When a title hits a new portal, there is a buzz of word of mouth around it. This leads to lots of people getting fresh impressions of your title. Only a few are saturated with enough of your message “Hey, this is a cool game” to actually take the extraordinary effort to search the internet and download it. This leads to more word of mouth and more downloads. Thus the single media event leads to a burst of sales across multiple distribution sources.
Market fragmentation The fact that the downloadable and casual games market is fragmented isn’t really news, but it too informs your sales patterns. Think of the new shareware market being composed of dozens (if not hundreds) of population pockets. Each group might be built around a single portal or a special interest group.
They don’t talk to one another much, nor do they read common news sources. Many don’t consider themselves mainstream gamers. I like to think of them as the oil shale of the gaming market: A bit difficult to reach in larger numbers, but still highly valuable customers if you can figure out the techniques.
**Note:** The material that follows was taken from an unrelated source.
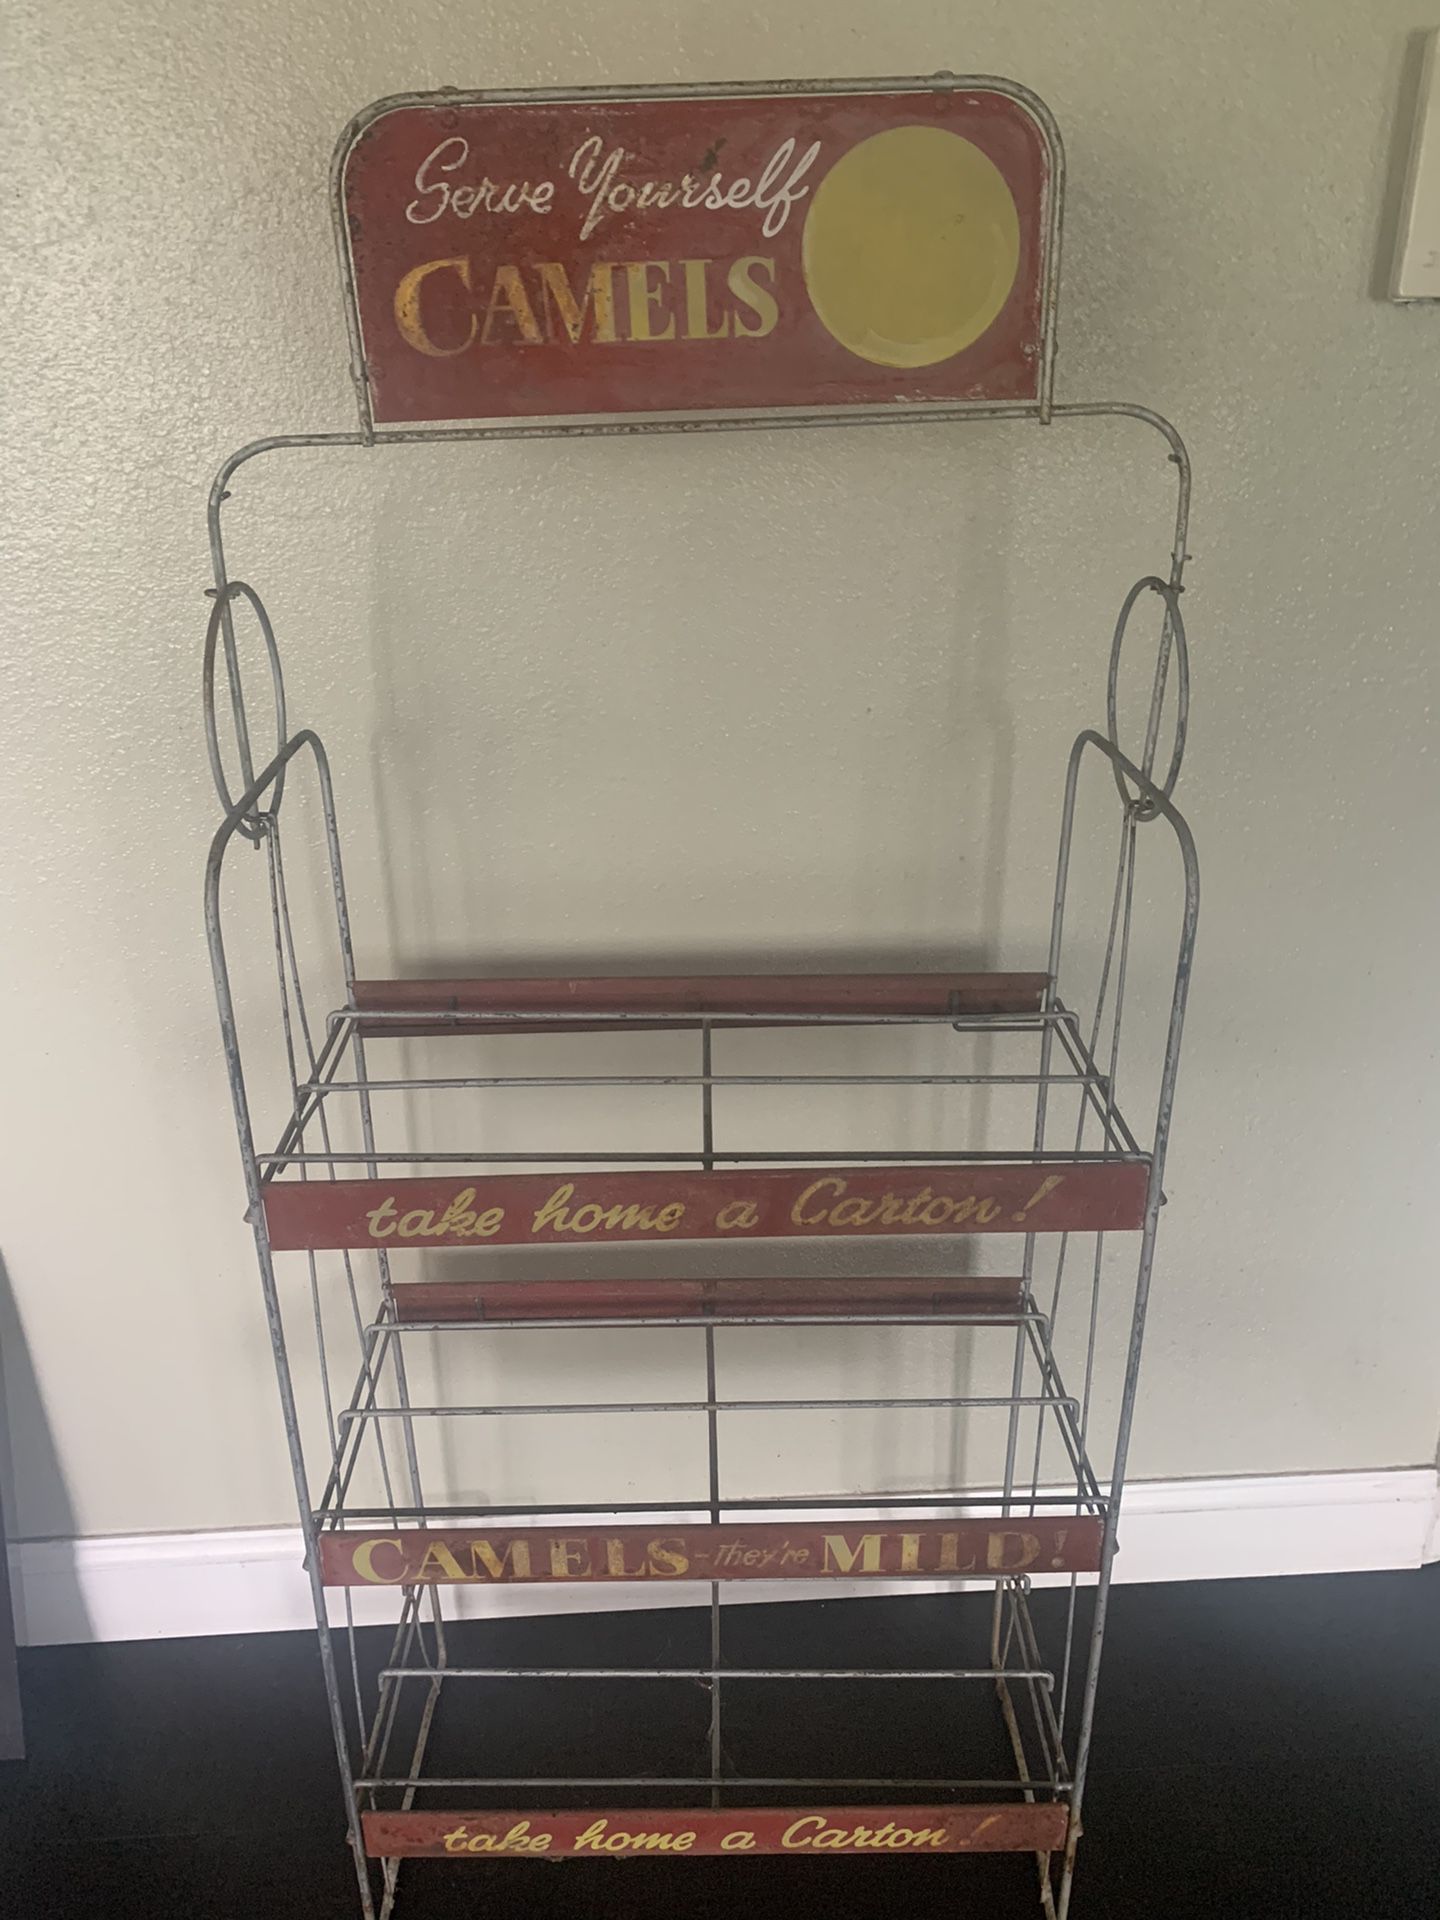 Vintage Camel Cigarettes Rack Display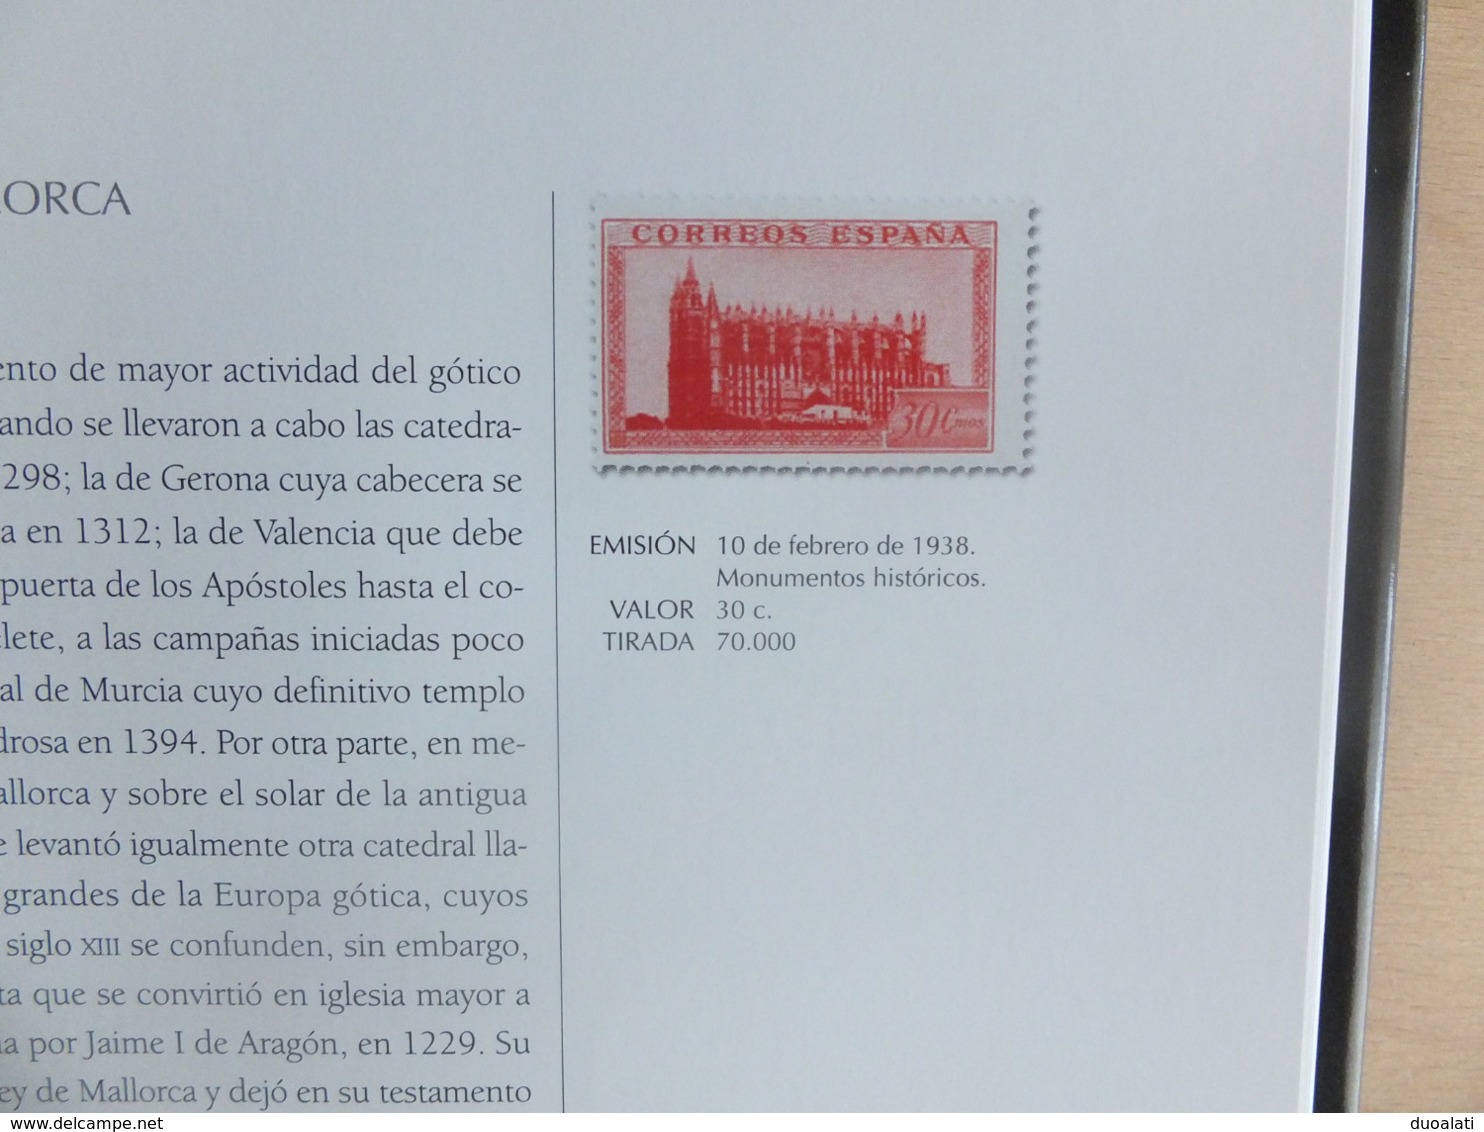 El arte español en el sello Spanish art on the stamps

The result is that long term promotion will often have incremental payoff even with products that a no longer ‘hot’. There will almost always exists large populations of players that will have never heard of your game. Don’t be surprised if you end up getting letters years after your initial launch that exclaim “I had no idea that this [insert superlative] game existed!”
Often someone who just heard about your game may introduce it to new markets. Within a short period of time, the number of people who become aware of your game can increase dramatically. This also contributes to and magnifies the bursty nature of sales.
You must pop little markets one at a time over a long period of time before the total number of customers that might buy your game is tapped out. Indie games are in many ways closer to evergreen products than your typical launch and dispose commercial titles. Think about it. Bejeweled is still selling to this day and it is doubtful that the majority of those customers are repeat buyers.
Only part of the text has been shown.